The series $x + x^{1 + \frac{1}{2}} + x^{1 + \frac{1}{2}+ \frac{1}{3}} +...$ is convergent if
(A) $x>e$
(B) $x
(C) $x<1/e$
(D) $x>1/e$
I think the answer is C, but I could not determine the condition... how to solve it. Plz help.
The series $x + x^{1 + \frac{1}{2}} + x^{1 + \frac{1}{2}+ \frac{1}{3}} +...$ is convergent if
(A) $x>e$
(B) $x
(C) $x<1/e$
(D) $x>1/e$
I think the answer is C, but I could not determine the condition... how to solve it.

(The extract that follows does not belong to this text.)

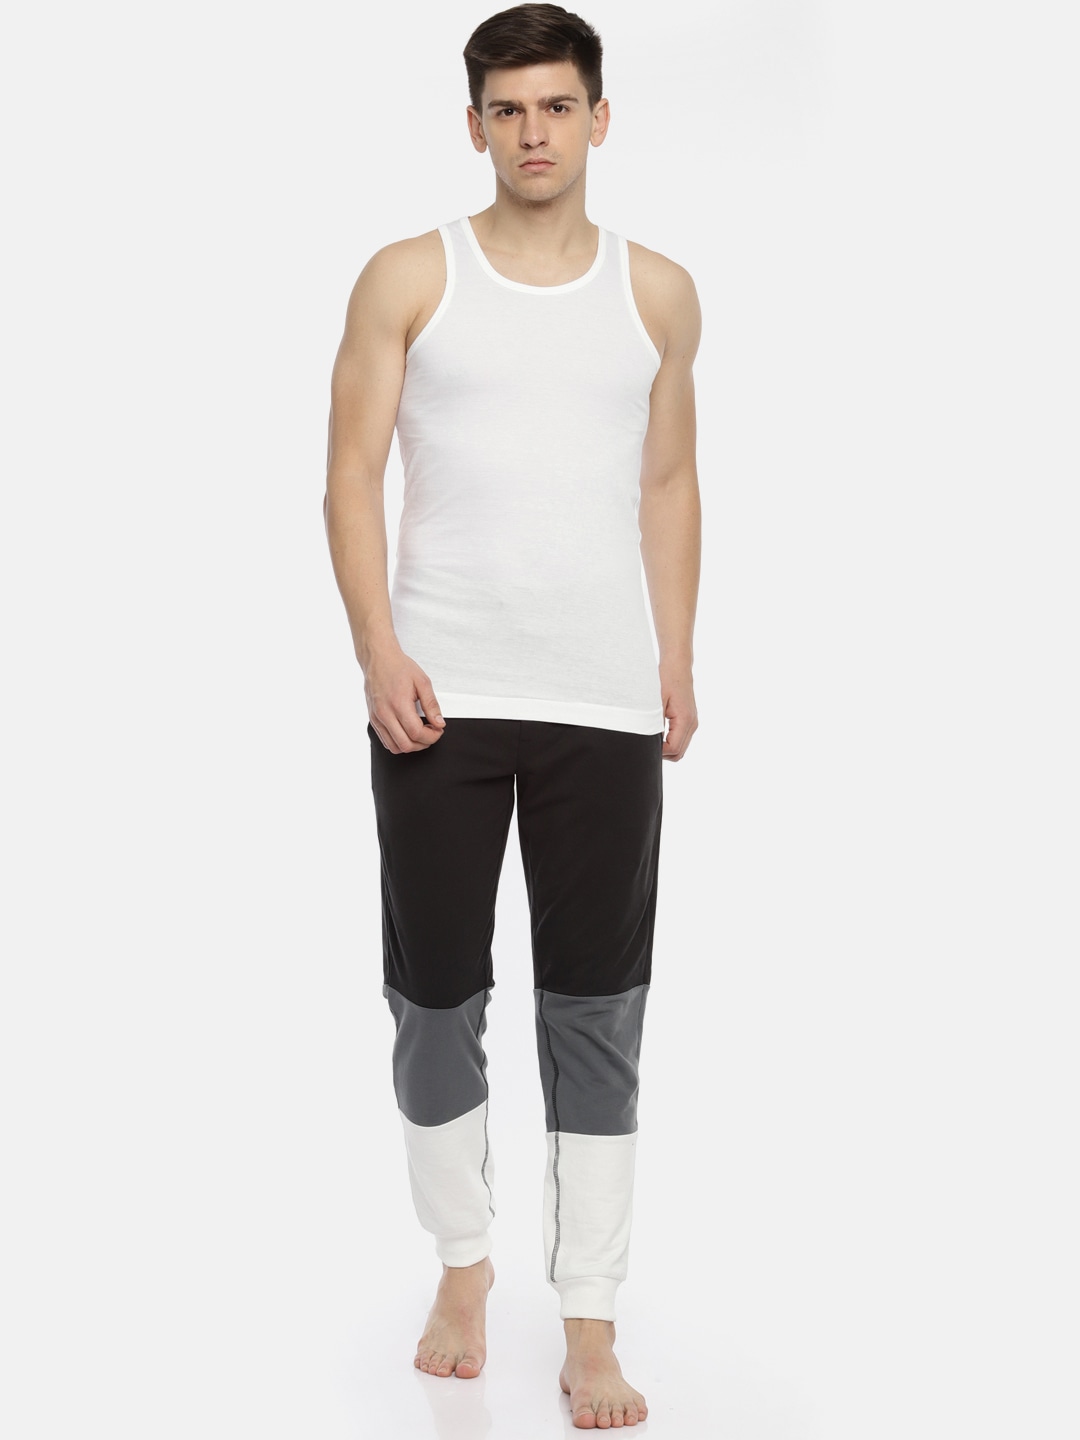 Clothing Innerwear Vests | Pepe Jeans Men Pack of 2 Innerwear Vests 8904311302193 - GO36172
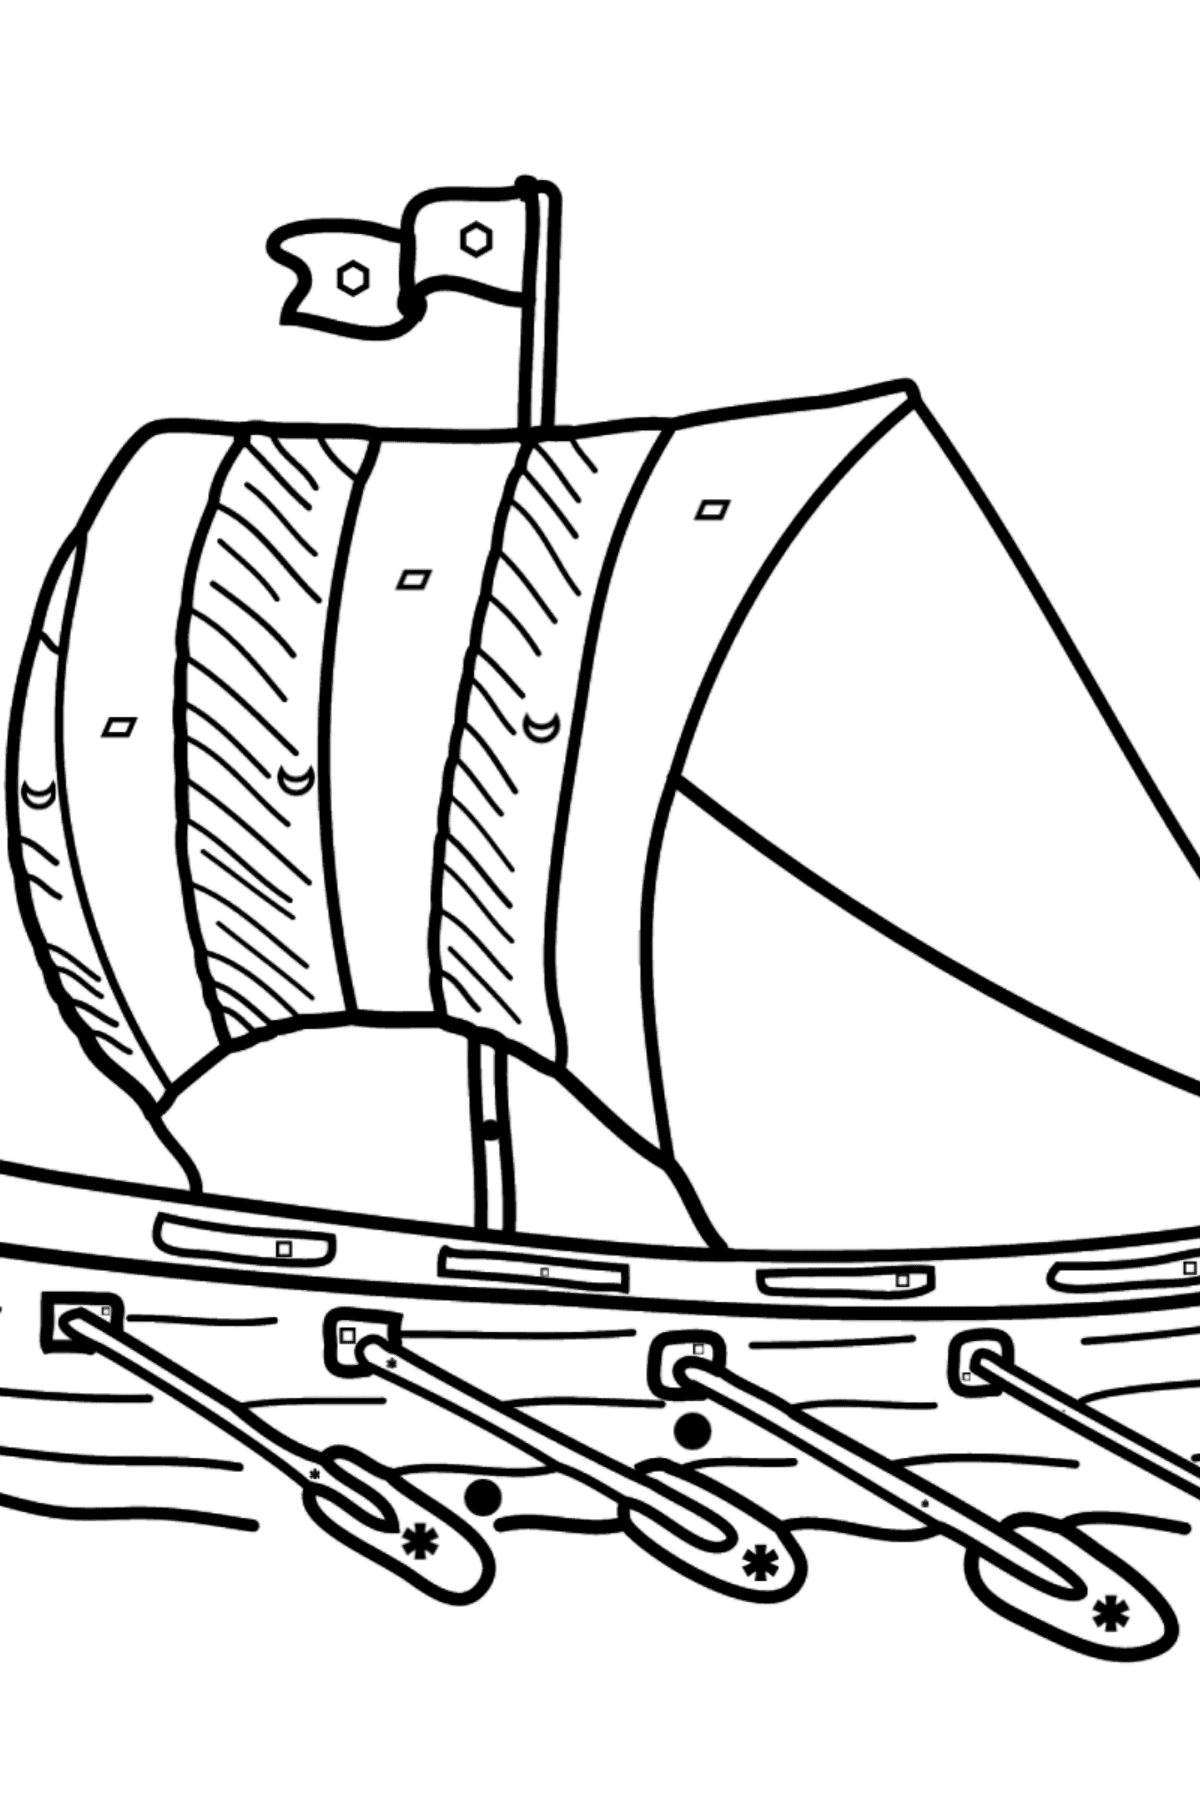 Tegning til fargelegging vakker båt - Fargelegge etter symboler og geometriske former for barn

Plz help.
We have \begin{align*} x^{\sum_{i=1}^n \frac 1i} &\le x^{\log n + 1}\\ &= x \cdot \exp(\log n\cdot \log x)\\ &= x \cdot n^{\log x} \end{align*} and \begin{align*} x^{\sum_{i=1}^n \frac 1i} &\ge x^{\log n}\\ &= \exp(\log n\cdot \log x)\\ &= n^{\log x} \end{align*} and hence \[ \sum_{n=1}^\infty x^{\sum_{i=1}^n \frac 1i} < \infty \iff \sum_{n=1}^\infty n^{\log x} < \infty \] which is true exactly for $\log x < -1\iff x < \frac 1e$.